Is Life Really Absurd for the Atheist?

By John Loftus
9/21/2016

In an interesting essay Taylor Carr argued, "Our condition is absurd whether God exists or not." I just happened to come across it while looking into existentialism again, having taught it as a philosophy instructor. His whipping boy is William Lane Craig with his contention that life is absurd without God. He contends "Craig under-appreciates the weight of absurdity - namely that he neglects a full treatment of the subject as it has been articulated in Camus, Nietzsche, and Kierkegaard" since "absurdity of this sort does not undermine atheism, but recommends it, in that it reveals the absurdity of even life with God." For Craig's limited view of absurdity is

more of a mindset than a reality. It is a problem to be cured. The life of the atheist is absurd only in that she does not acknowledge God, and so has no claim to ultimate significance, purpose, and value. Absurdity on this view is practically a placeholder for irrationality. Craig says of the godless perspective that it is "utterly without reason." The absurd life is living with the irrational belief that we inhabit a godless universe.

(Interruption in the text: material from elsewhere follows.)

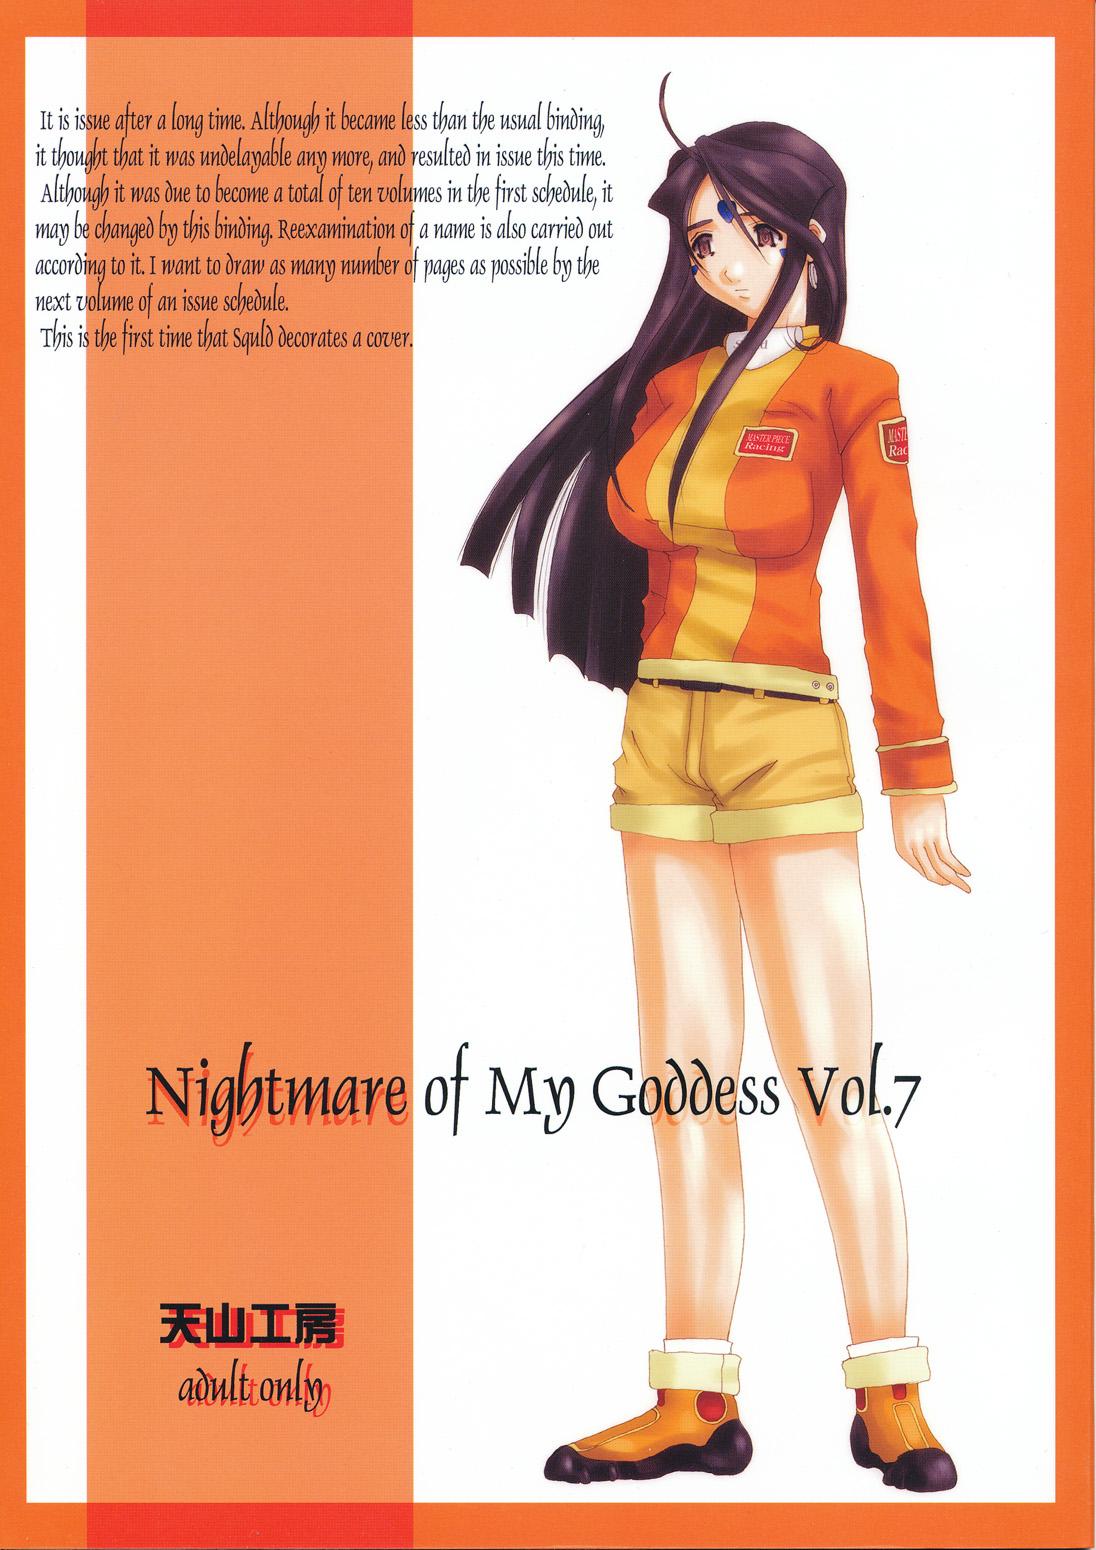 Casting Nightmare of My Goddess Vol. 7 - Ah my goddess Oral Sex - Page 1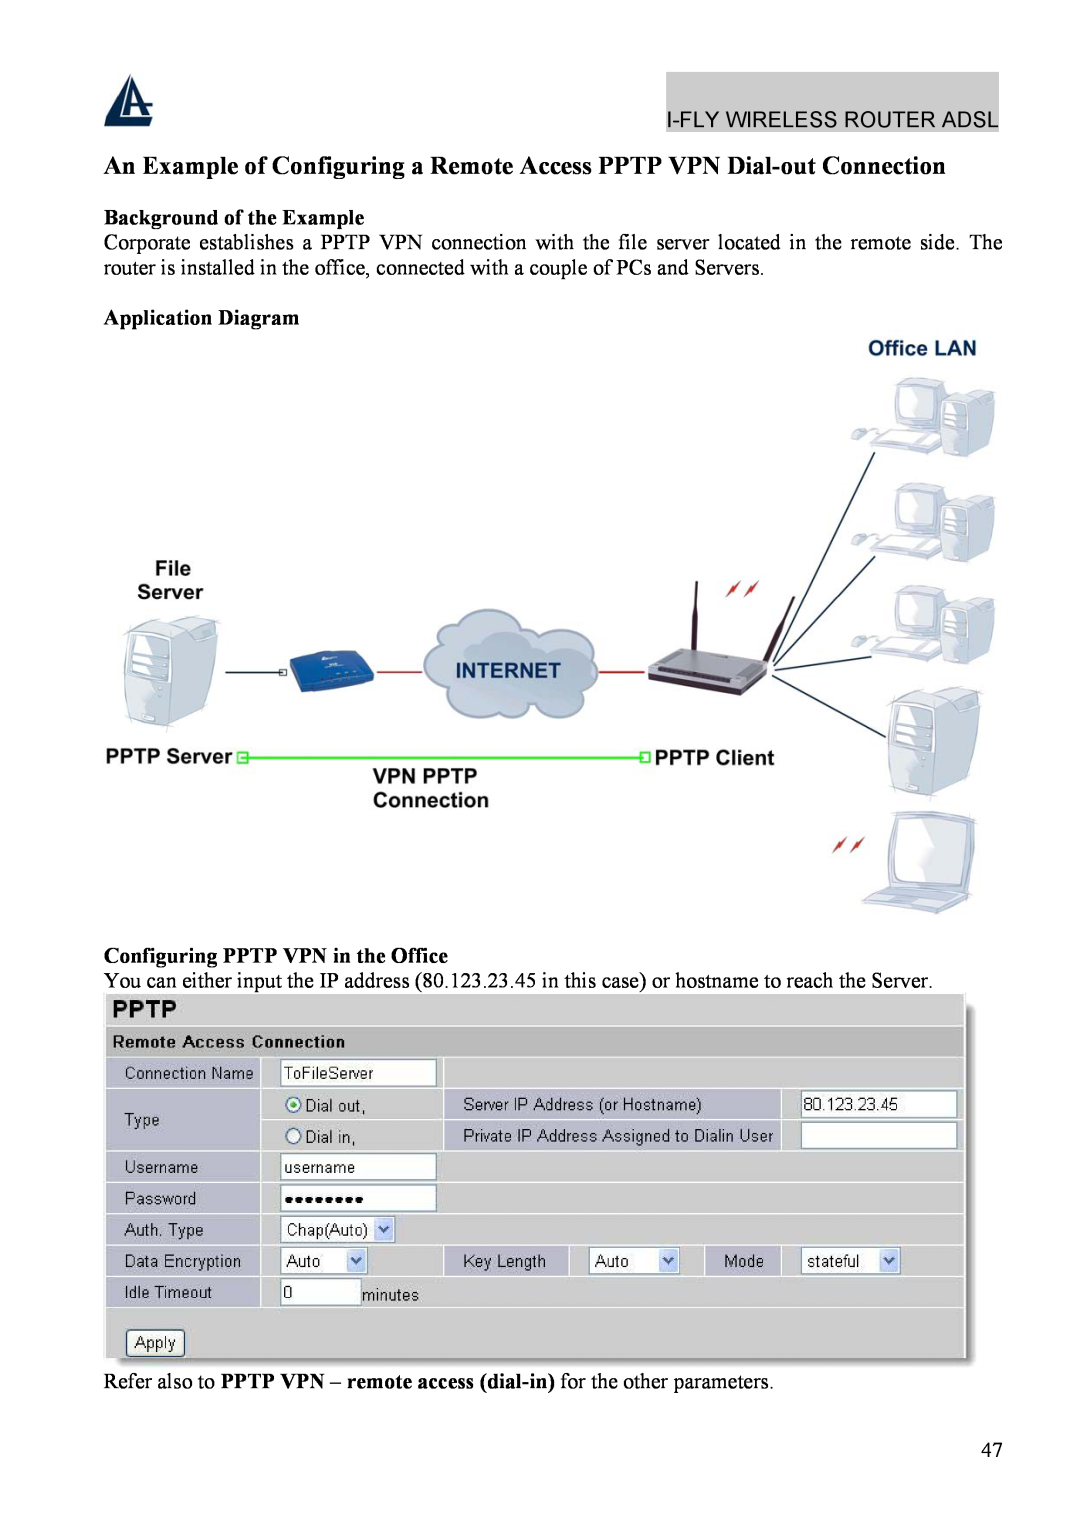 Atlantis Land A02-WRA4-54G manual Application Diagram Configuring PPTP VPN in the Office, Background of the Example

By contrast Carr informs us "For Camus, the absurd is fundamental to who we are. Our consciousness is what separates us from the world, what gives rise to absurdity."

Camus finds significance only in accepting life on its own terms, which has everything to do with acknowledging its absurdity. In The Myth of Sisyphus (where Sisyphus is condemned to roll a rock uphill for eternity), Camus describes the absurd feeling as being divorced from one's life. We encounter a tragic divide between our desires for reality and reality as it really is, perhaps most of all in those humbling conscious moments of suffering and trauma. The desires we have for unity, purpose, and order clash with our experiences of a world that seems not to care about us, our dreams, or our plans. The absurdist finds herself a stranger adrift in a foreign world with no lights or illusions, unable to remember where she has come from and unaware of where she is heading. If she denies the absurd, she lives an inauthentic life, as if the world is so little different from her desires that the incongruities presented to her are not really incongruities at all.

Carr explains that

Camus' point is not just that the world has no seemingly in-built meaning to it, but that we, as the conscious and reasoning creatures we are, do not even belong to this world. The human condition is uniquely human in that we are consciously separated from the world in which we live. The same cognition that allows us to reason also isolates us from the rest of the universe...Seeing our condition as it is, seeing the absurdity of life, is not antithetical to happiness, it is, for Camus, paramount to happiness.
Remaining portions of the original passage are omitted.